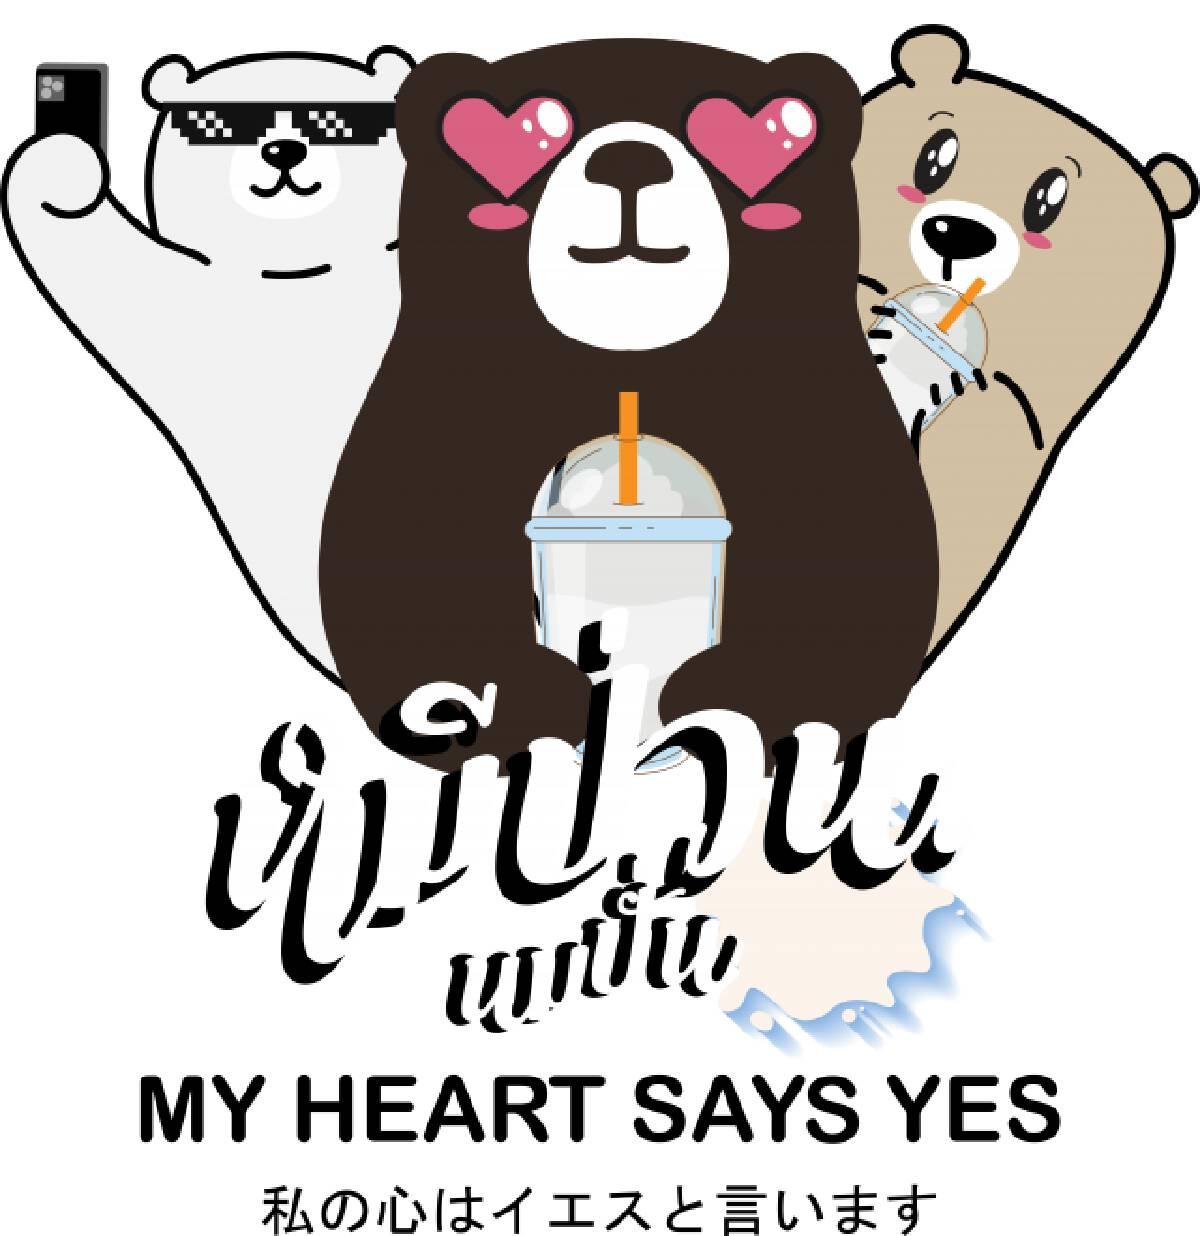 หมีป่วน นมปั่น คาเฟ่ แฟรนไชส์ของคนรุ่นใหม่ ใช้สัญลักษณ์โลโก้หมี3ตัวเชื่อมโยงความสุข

***

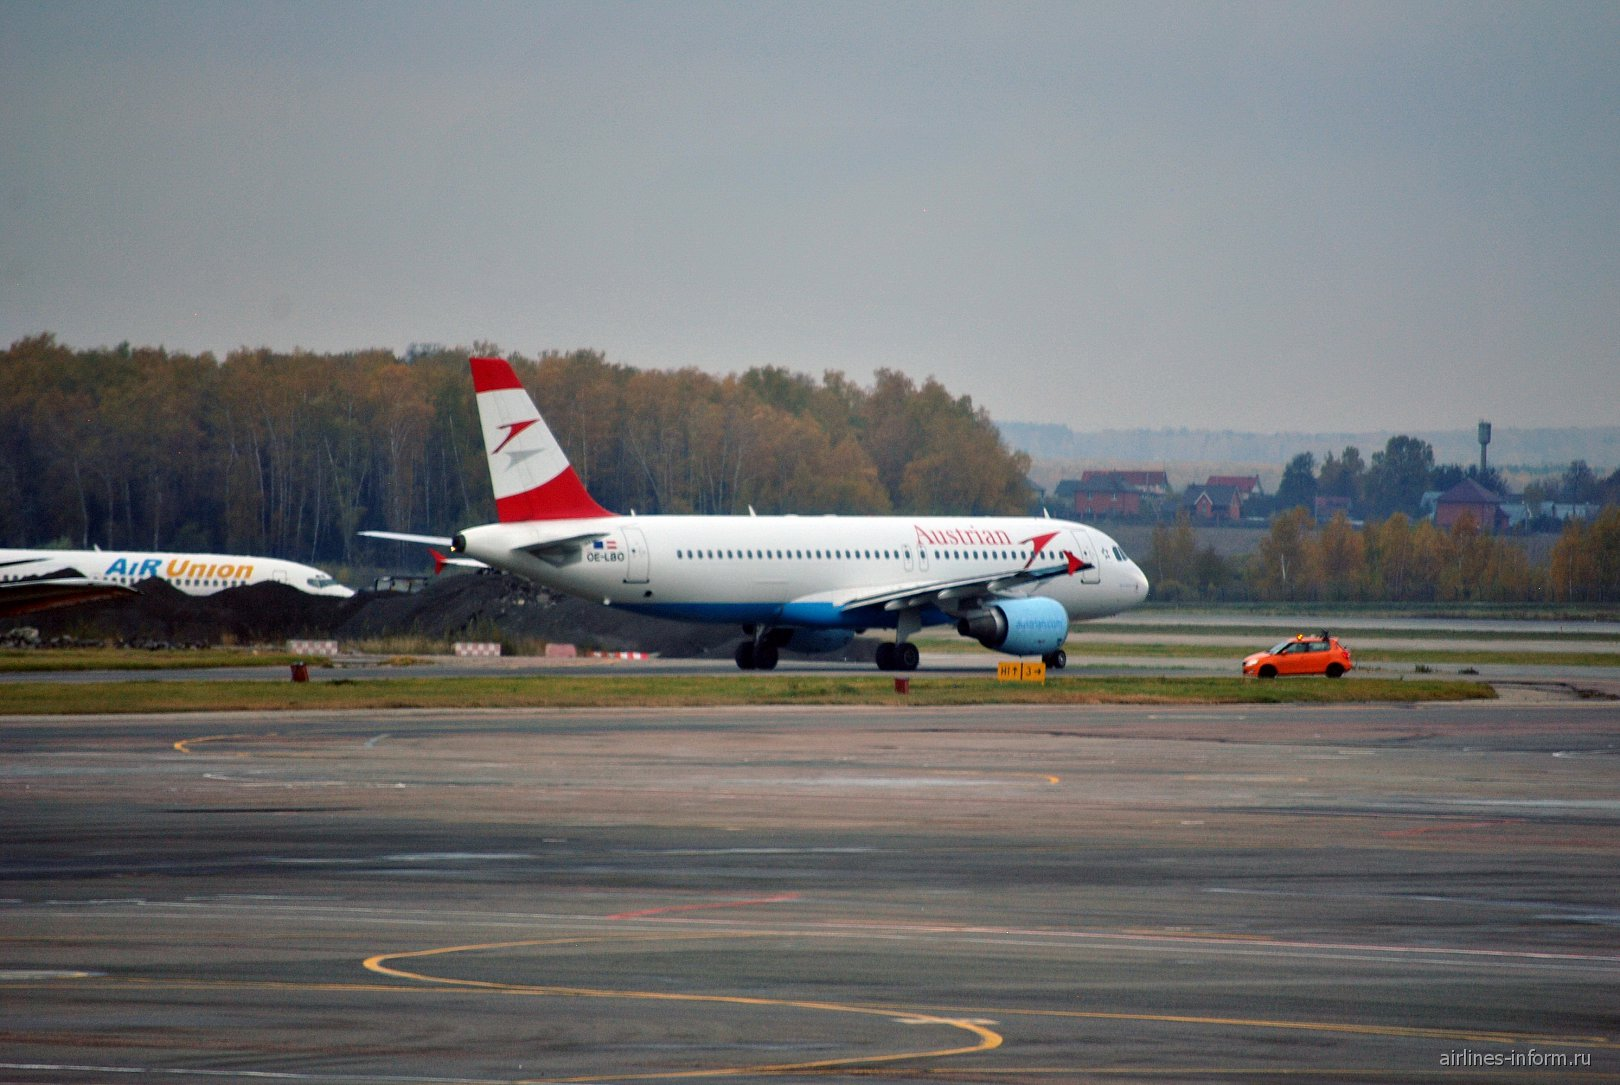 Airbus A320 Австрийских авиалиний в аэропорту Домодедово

***

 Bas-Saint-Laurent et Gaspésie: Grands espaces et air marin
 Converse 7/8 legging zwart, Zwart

***

Problem details: Everything in the material above from the line that has "Bas-Saint-Laurent et Gaspésie: Grands" through the line that has "Converse 7/8 legging zwart, Zwart" must be duplicated exactly, with no other lines given.

Solution for this problem:
 Bas-Saint-Laurent et Gaspésie: Grands espaces et air marin
 Converse 7/8 legging zwart, Zwart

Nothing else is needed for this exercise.